Hong Kong's athletes did not bring any medals home from the Beijing Olympics. That does not mean that they failed to put in good performances or do us proud. Finishing sixth and ninth in the world in windsurfing, as did Chan King-yin and Vicky Chan Wai-kei, is not to be sniffed at. Nor is the breaking of five local swimming records or the reaching of respectable stages in the table tennis competitions. What the zero tally says is that we need to put more investment into sport.
Nations the world over have recognised the value of sport and recreation in building healthy communities. They also know that when it comes to the Olympic Games, they need to invest in their best athletes. The financial commitment certainly paid off for China and Britain, but was equally evident in the performances of the dozens of other countries and territories that garnered medals. Olympic success brings pride for society and that in turn helps to engender a sporting spirit and desire.
The process must be rooted in staunch government support. Policies have to ensure that our elite athletes have the facilities, training and backing to enable them to thrive. Our lack of Games medals indicates that at present, they are treading water. Top 10 performances were achieved by our windsurfers only because they had the resources to train overseas.

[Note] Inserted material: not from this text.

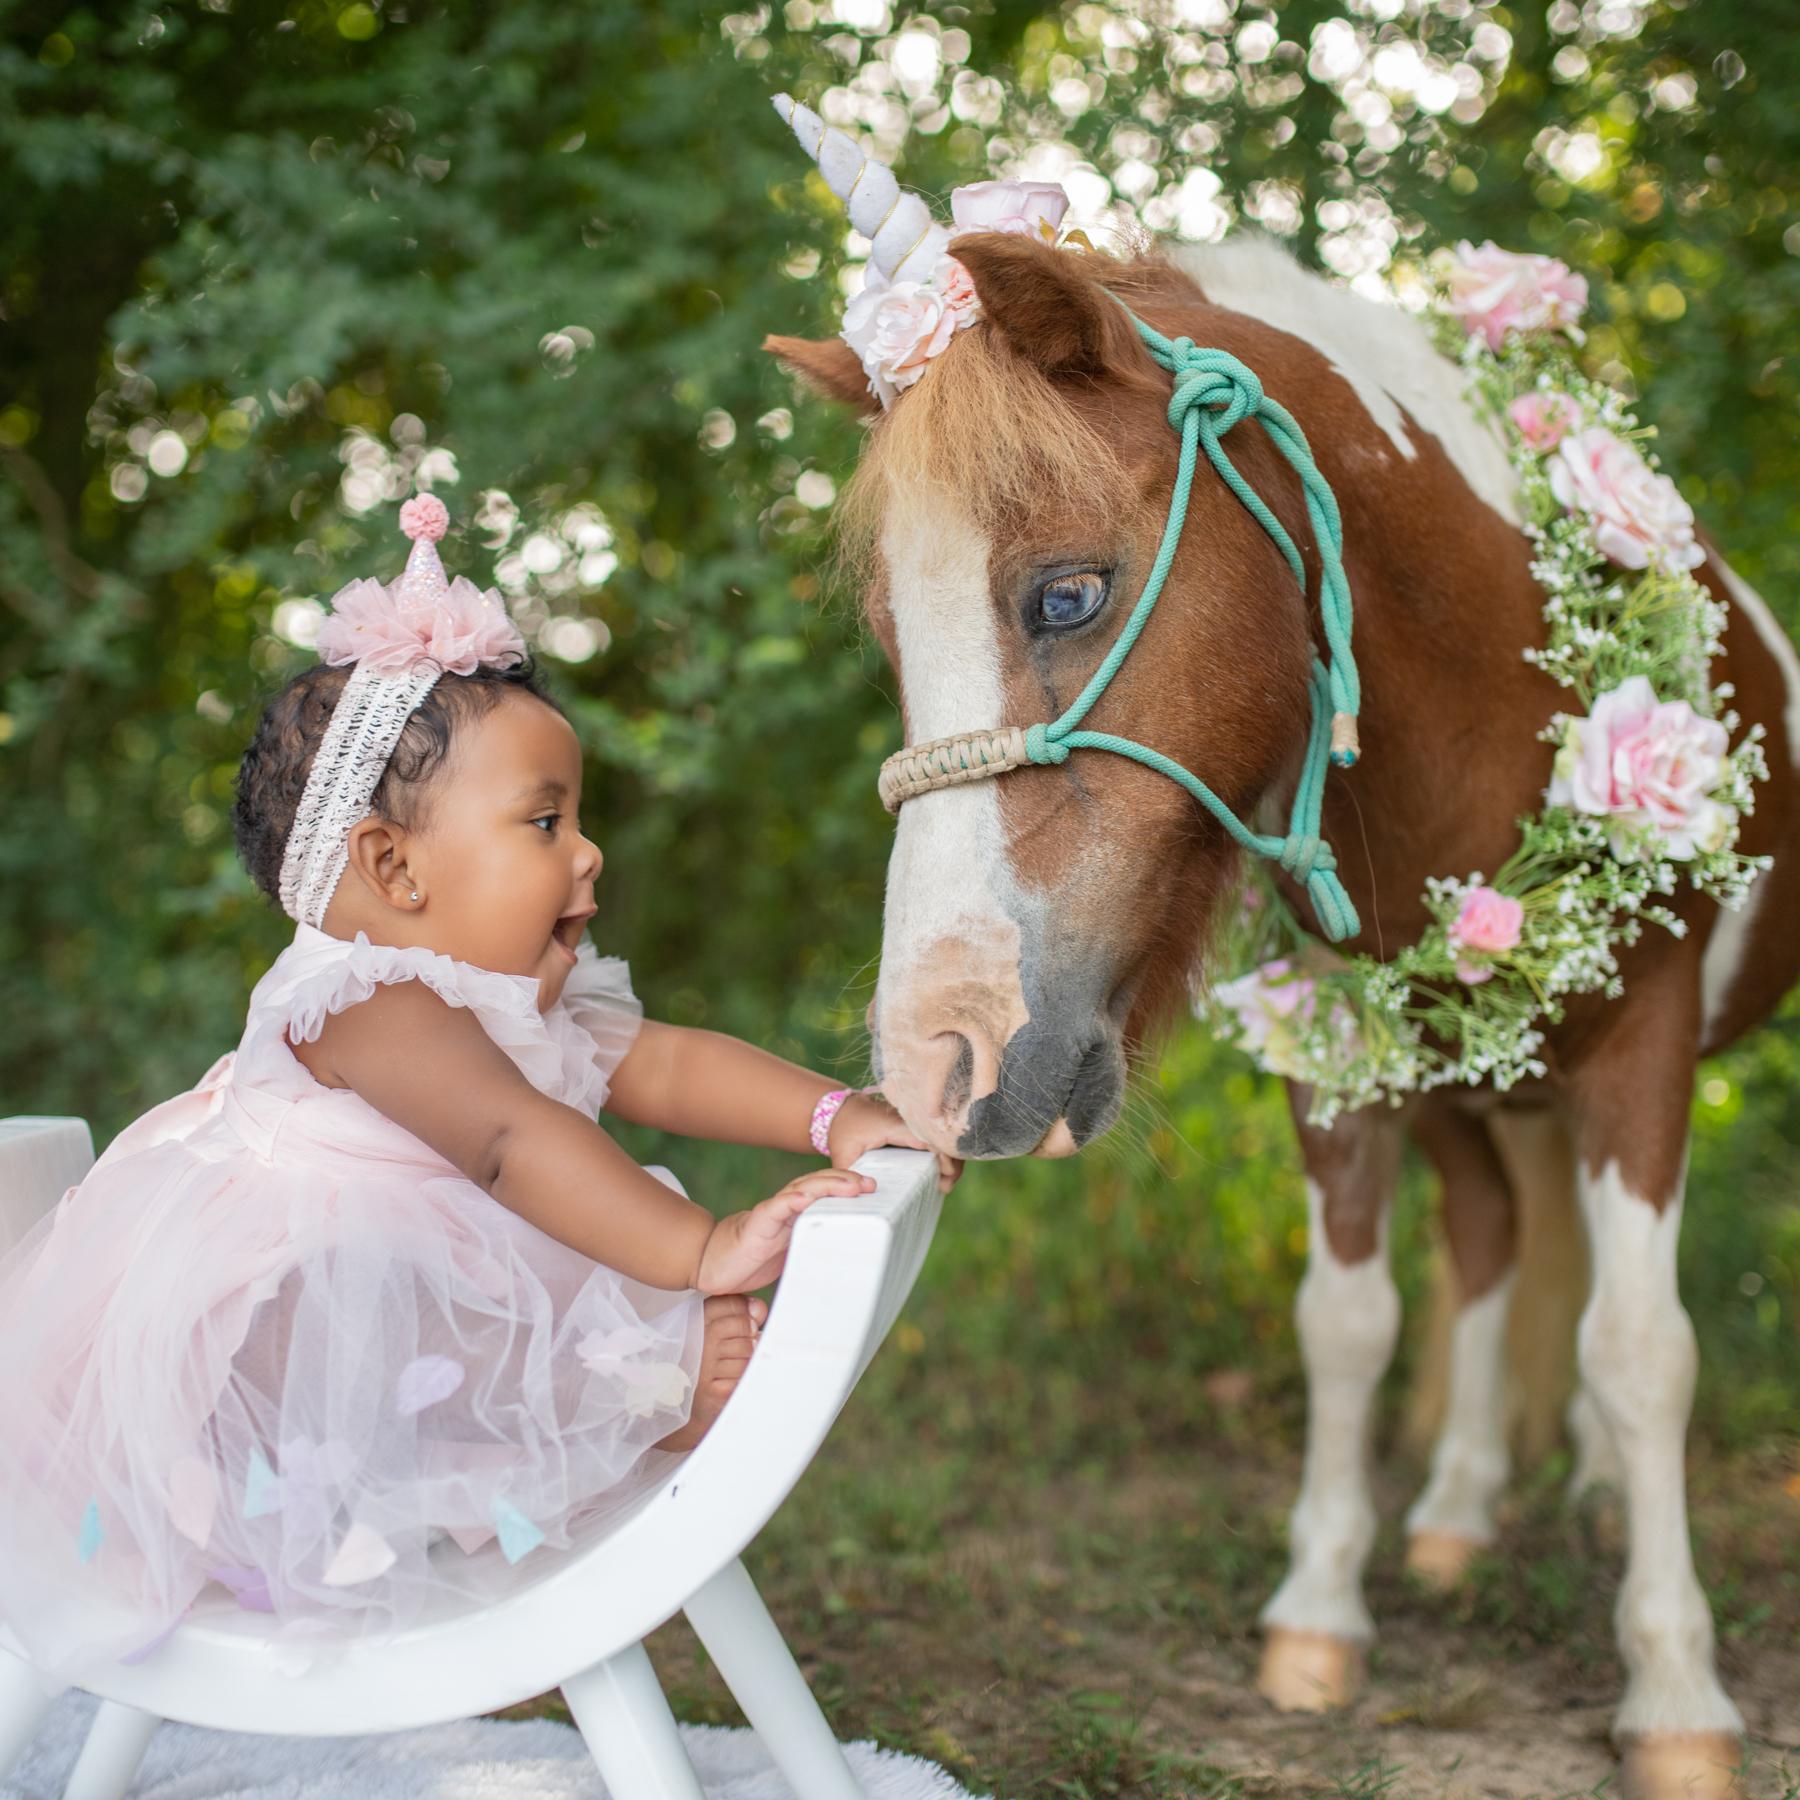 Chattanooga-Unicorn-Photos-3.jpg

Fortunately, the government has promised generous support for the redevelopment of the Hong Kong Sports Institute. The holding of Olympic equestrian and paralympic events here forced a scattering of the institute's facilities. Under a proposed HK$1.8 billion revamp, state-of-the-art facilities for 11 chosen sports should be in place in 2011. But that is just a start: Our hundreds of elite athletes also need top-level coaching and sustainable financial backing to ensure that they can reach the top echelons of their chosen sports.
Olympics chef de mission Victor Hui Chun-fui said on Sunday that standards needed to be raised and he would submit a report to the government to determine what support could be given. Secretary for Home Affairs Tsang Tak-sing said such a plan would be studied, but there could be no promise of extra funding. Finance is only part of building a better sporting culture though; we need a government committed to sport, recreation and fitness.
Land has to be set aside and more sports halls and courts built. Demand for sport is growing, but the facilities are overcrowded and inadequate. Schools should explore making their facilities available for public use. Hang Seng Bank, which has a cash incentive programme for our Olympic athletes, is one of a small number of businesses that sponsor elite sportsmen. More companies should be encouraged to look at wider involvement in sport through sponsorship and scholarships.
Other governments are pouring resources into sports and winning Olympic medals as a result. Hong Kong is being left behind. Authorities need to take the lead and spearhead top-level support for our elite athletes. Through this help, with corporate backing, Hong Kong has a good chance of returning to the Olympics medal table. But this is only part of the overall strategy. Greater dedication to sport and recreation will improve the population's health and fitness.